Cancer Center, Department of Pathology, Nanjing Medical University, Nanjing 210029, P.R. China.
Int J Oncol. 2014 Mar;44(3):769-80. doi: 10.3892/ijo.2013.2234. Epub 2013 Dec 30.
Prostaglandin E2 (PGE2) has been implicated in hepatocellular carcinoma cell invasion. Recently, it was reported that Y box-binding protein 1 (YB-1) is closely correlated with malignancy. This study was designed to examine the mechanisms by which PGE2 increases YB-1 expression and promotes HCC cell invasion. PGE2 greatly enhanced HCC cell invasion through upregulation of the YB-1 protein, and the EP1 receptor is mainly responsible for this regulation. Src and EGFR were both activated by PGE2, which in turn increased the phosphorylation levels of p44/42 MAPK. Src, EGFR and p44/42 MAPK were all involved in PGE2-induced YB-1 expression. Chemical inhibitors and RNAi analysis all confirmed the role of mTOR complex 1 in YB-1 expression induced by PGE2. Furthermore, YB-1 was able to regulate the expression of a series of EMT-associated genes, which indicated that YB-1 could have the potential to control the epithelial-mesenchymal transition process in HCC cells. These findings reveal that PGE2 upregulated YB-1 expression through the EP1/Src/EGFR/p44/42 MAPK/mTOR pathway, which greatly enhanced HCC cell invasion. This study for the first time describes the mechanisms through which PGE2 regulates YB-1 expression and promotes HCC cell invasion.
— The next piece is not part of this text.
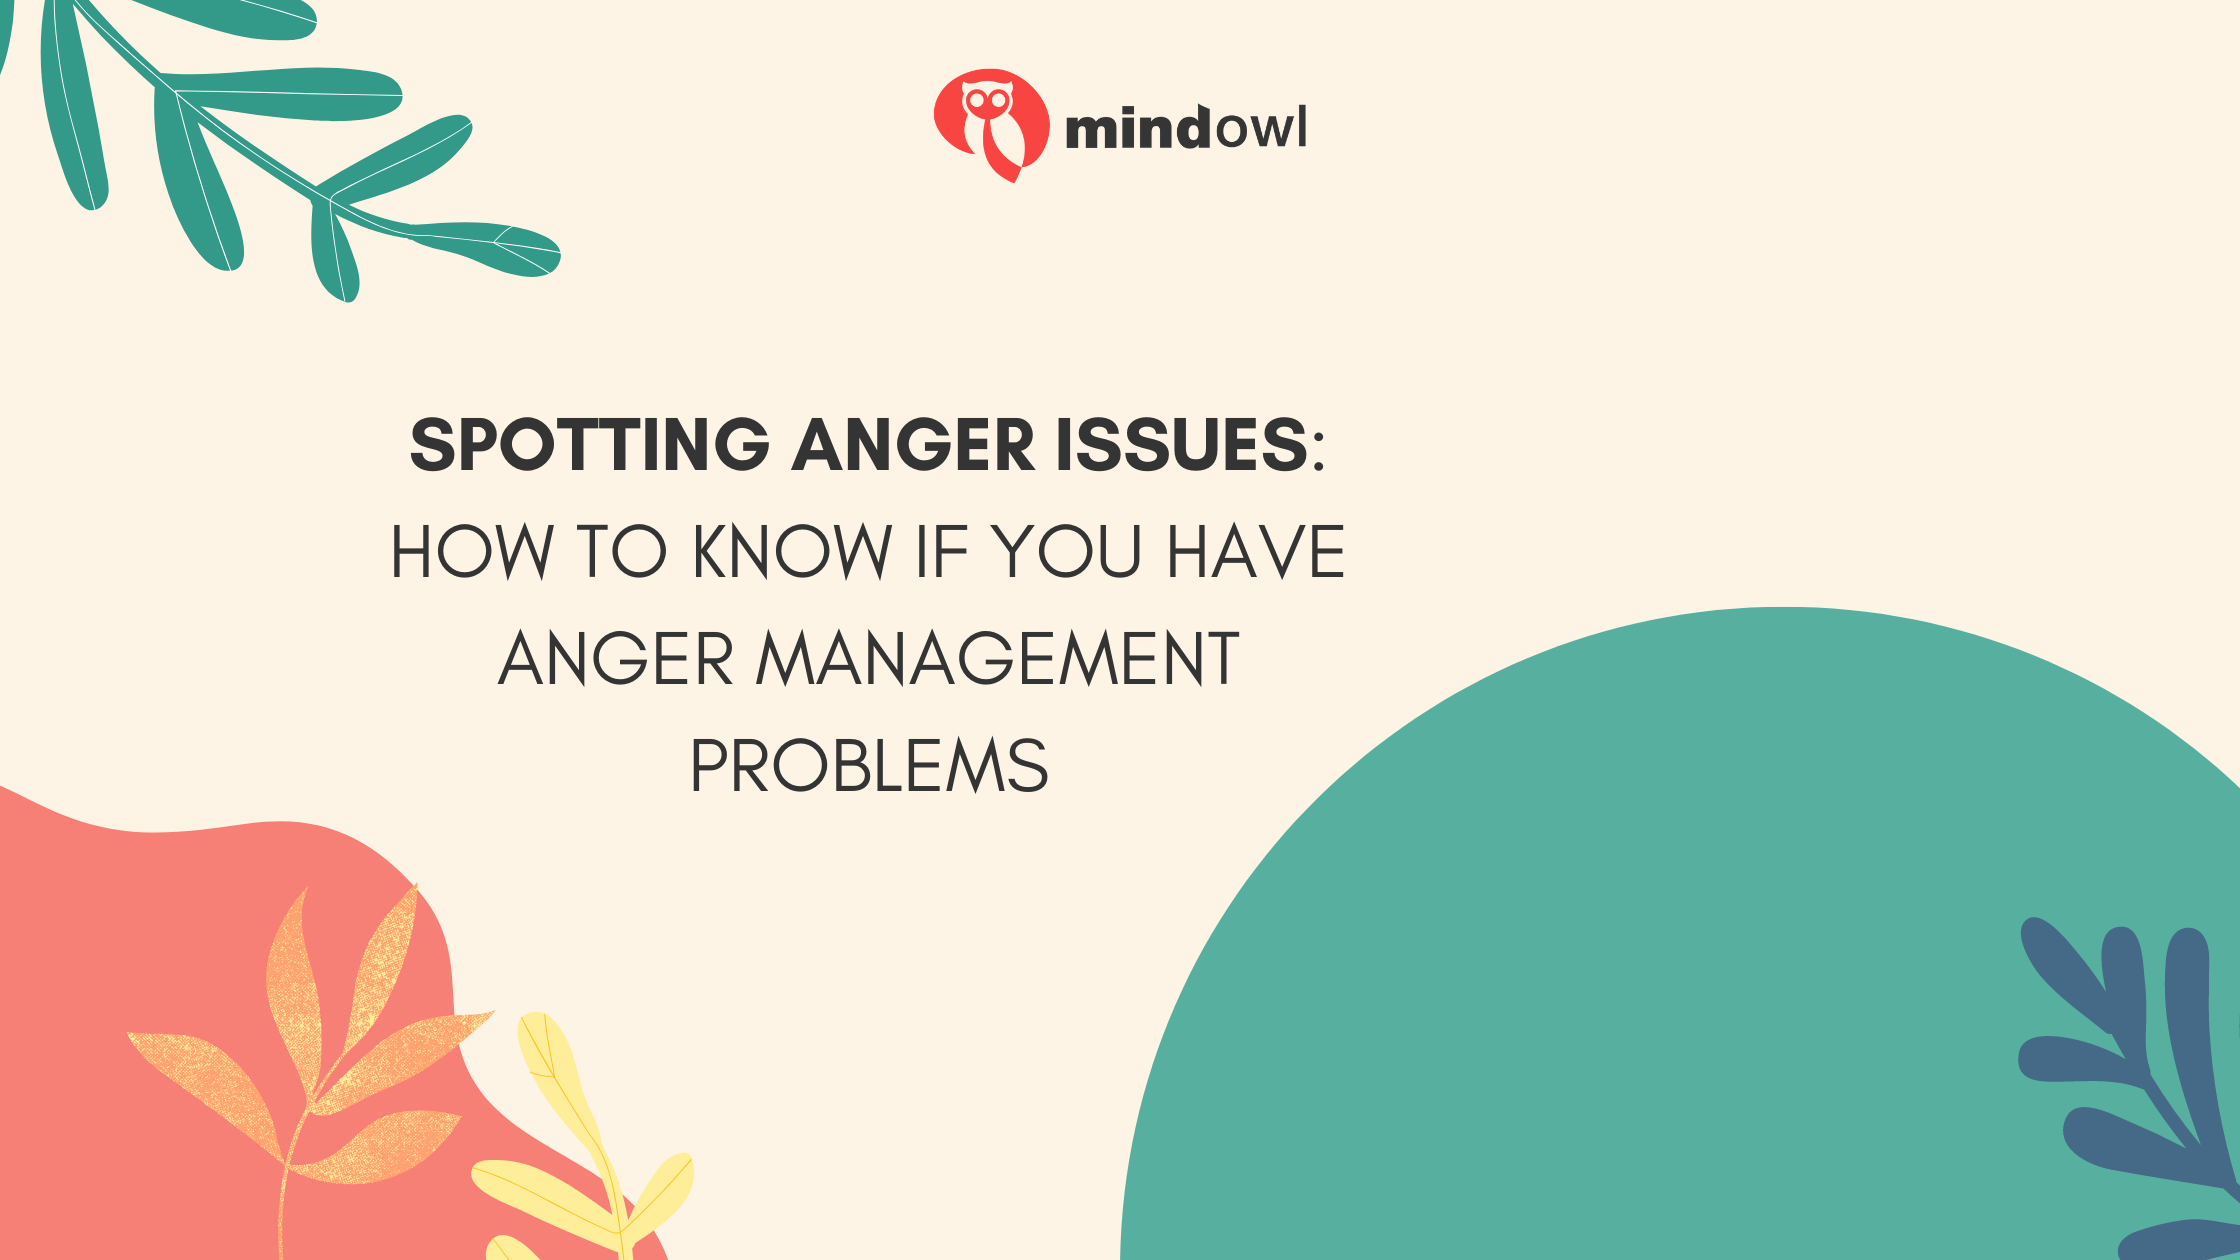 Spotting Anger Issues: How To Know If You Have Anger Management Problems

前列腺素 E2(PGE2)已被牵涉到肝癌细胞的侵袭中。最近有报道称,Y 盒结合蛋白 1(YB-1)与恶性肿瘤密切相关。本研究旨在探讨 PGE2 增加 YB-1 表达并促进 HCC 细胞侵袭的机制。PGE2 通过上调 YB-1 蛋白极大地增强了 HCC 细胞的侵袭能力,而 EP1 受体主要负责这种调节。PGE2 激活了Src 和 EGFR,进而增加了 p44/42 MAPK 的磷酸化水平。Src、EGFR 和 p44/42 MAPK 均参与了 PGE2 诱导的 YB-1 表达。化学抑制剂和 RNAi 分析均证实 mTOR 复合物 1 在 PGE2 诱导的 YB-1 表达中起作用。此外,YB-1 能够调节一系列 EMT 相关基因的表达,这表明 YB-1 有可能控制 HCC 细胞中的上皮-间充质转化过程。这些发现表明,PGE2 通过 EP1/Src/EGFR/p44/42 MAPK/mTOR 通路上调 YB-1 表达,从而极大地增强了 HCC 细胞的侵袭。本研究首次描述了 PGE2 调节 YB-1 表达并促进 HCC 细胞侵袭的机制。